Kiedy Brucco podszedł, aby opatrzyć rany Mety, nikt mu nie przeszkadzał. Jason łapał ustami powietrze jak powracające życie. Baczne oko kamery przekazywało całą tę scenę wszystkim mieszkańcom miasta.
— Dzięki ci, Meto… że zrozumiałaś… i uratowałaś mnie… — wydyszał z trudem Jason.
— Skop był w błędzie, a ty miałeś rację, Jasonie — powiedziała. Jej głos drgnął nieco, gdy Brucco ułamał pierzasty koniec strzały i wyjął grot z jej ramienia. — Nie mogę pozostać w mieście. Tylko ludzie, którzy czują tak samo jak Skop, będą mogli tu zostać. Obawiam się, że też nie zdobędę się na zamieszkanie w lesie… sam widziałeś, ile miałam szczęścia z żądłopiórem. Jeśli pozwolisz, pojadę z tobą. Bardzo bym chciała z tobą pojechać.
Ból nie pozwolił Jasonowi odpowiedzieć, więc tylko się uśmiechnął, ale Mecie to wystarczyło.
Kerk patrzył z żalem na ciało zabitego.
— Był w błędzie — rzekł — ale wiem, co czuł. Nie mogę opuścić miasta… na razie. Ktoś musi to wszystko trzymać w garści, gdy będą następowały zmiany. Ten pomysł ze statkiem jest świetny, Jasonie. Nie będziesz narzekał na brak ochotników. Wątpię jednak, czy wśród nich znajdzie się Brucco.
— Na pewno nie — odparł Brucco nie podnosząc wzroku znad opatrunku uciskowego, który zakładał Mecie. — Znajdę dla siebie dość pracy tutaj, na Pyrrusie. Życie zwierzęce tej planety wymaga nie lada badań. Niedługo zjadą się tu wszyscy ekolodzy z całej galaktyki. Ale ja będę pierwszy.

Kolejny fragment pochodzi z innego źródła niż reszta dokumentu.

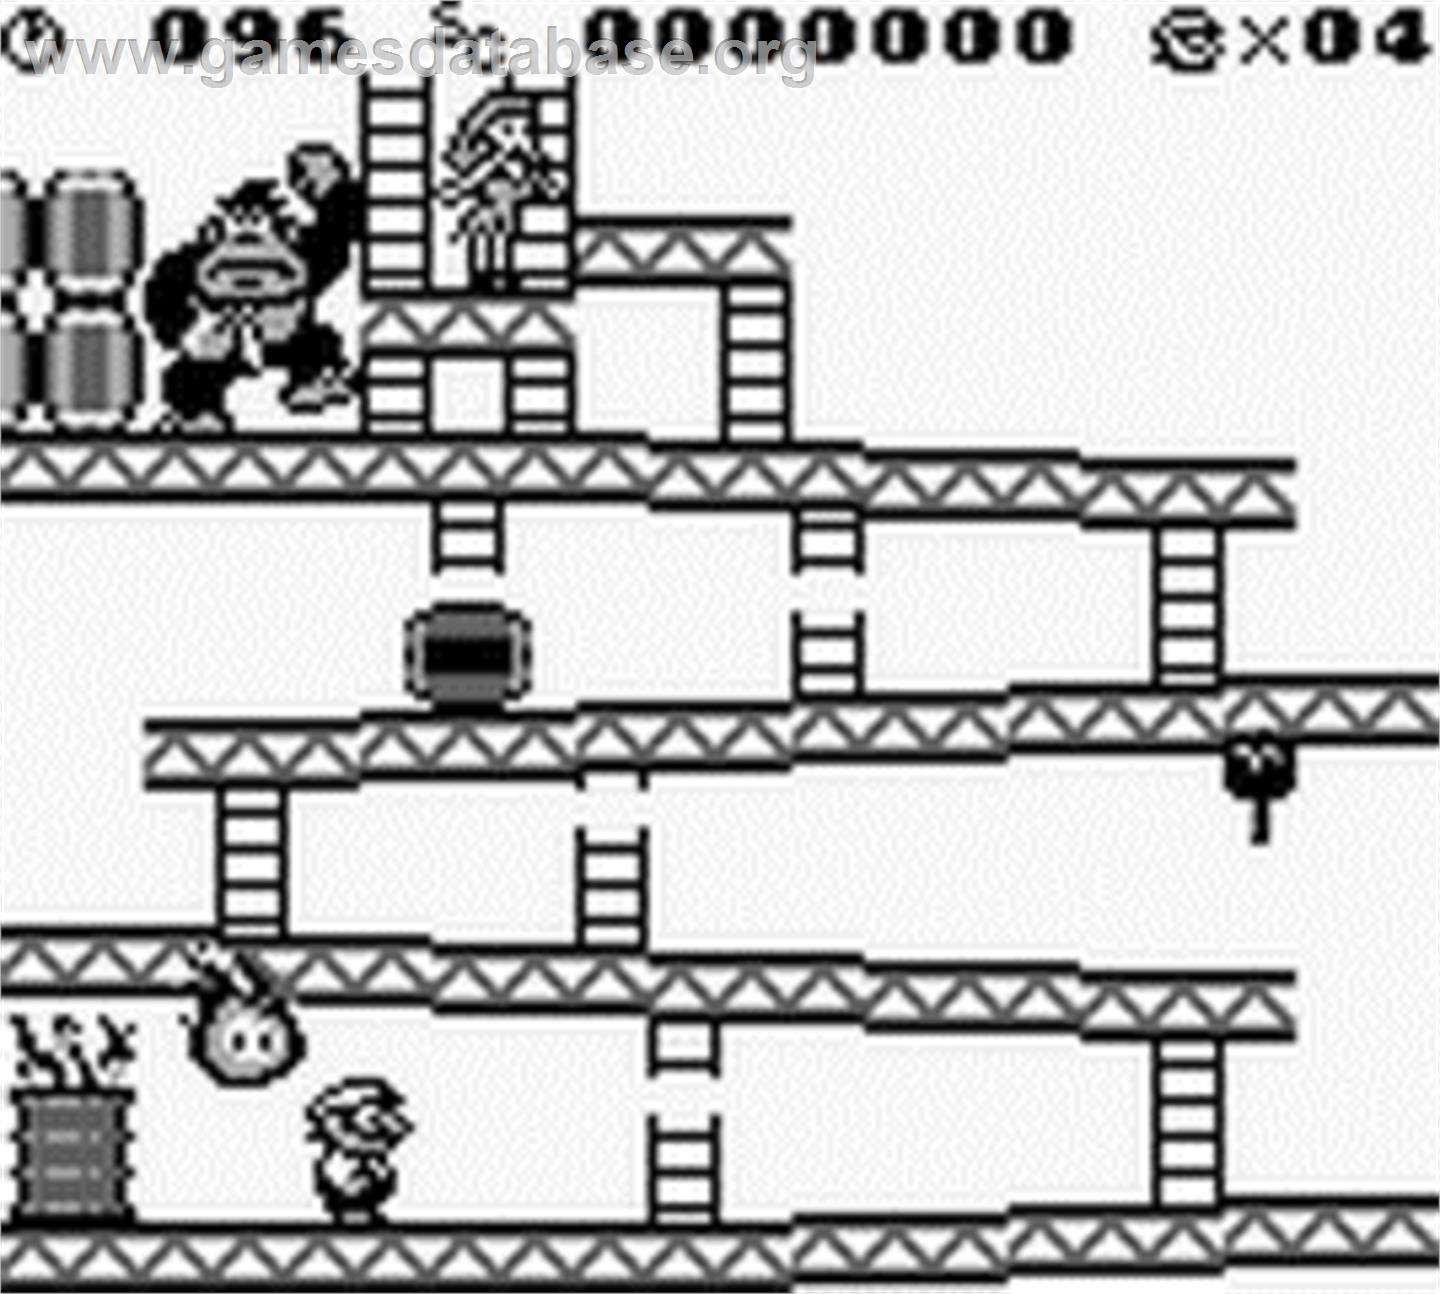 Donkey Kong - Nintendo Game Boy - Artwork - In Game
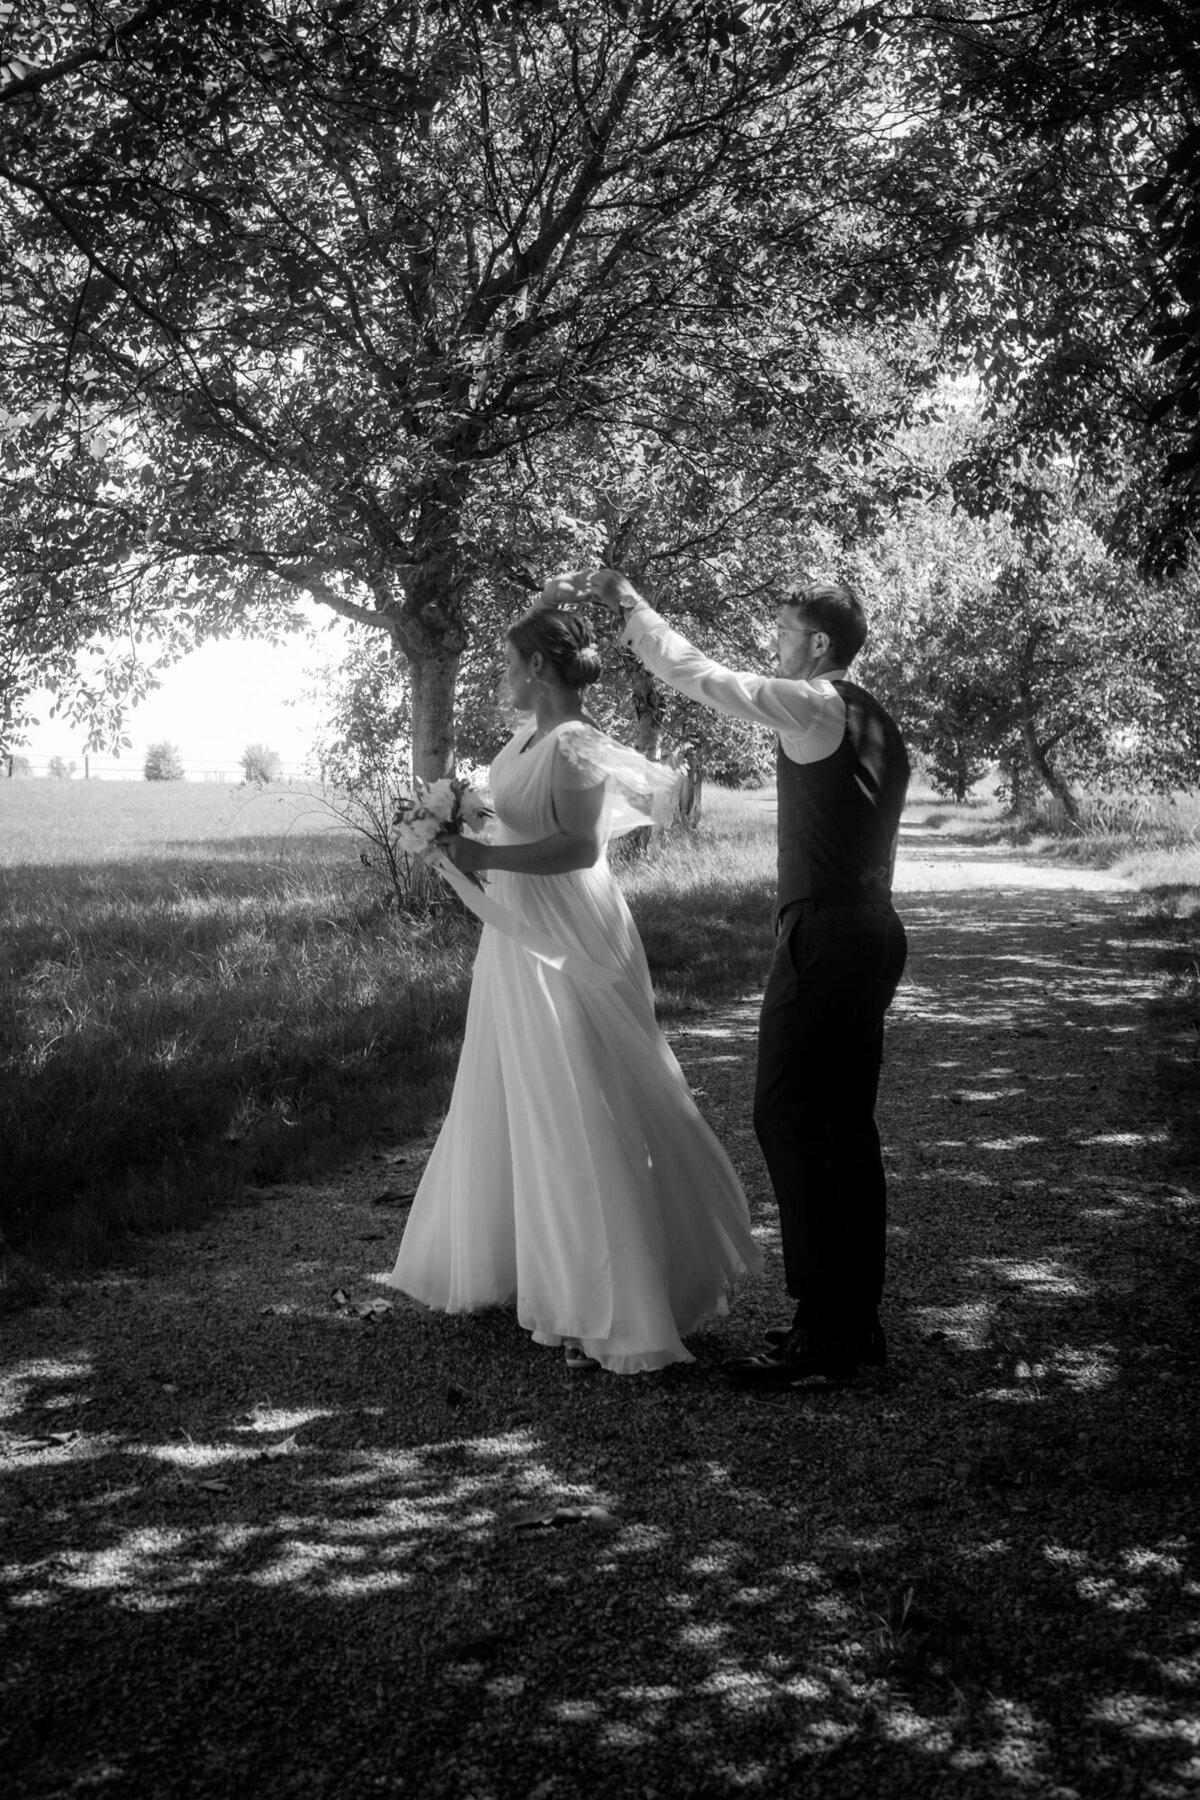 Das Hochzeitspaar tanzt auf einem Feldweg. Der Bräutigam dreht seine Braut im Kreis.

Kerk podszedł powoli do ekranu ukazującego panoramę miasta. Nikt nie próbował go zatrzymać. Pyrrusanin patrzył na budynki, dymy unoszące się znad linii obwodu i bezkresną zieloność dżungli w dali.
— Zmieniłeś to wszystko, Jasonie — rzekł. — Jeszcze tego nie widać, lecz Pyrrus już nigdy nie będzie taki jak przed twoim przybyciem. Na lepsze czy gorsze.
— Na lepsze, na pewno na lepsze — zaskrzeczał Jason i potarł bolącą krtań: — A teraz weźcie się do roboty i skończcie tę wojnę, żeby ludzie mogli w to uwierzyć.
Rhes odwrócił się i po krótkim wahaniu wyciągnął dłoń do Kerka. Siwowłosy Pyrrusanin musiał pokonać podobną niechęć — do karczownika, wywołaną wiekową odrazą.
Ale uścisnęli sobie dłonie, ponieważ byli to mocni ludzie.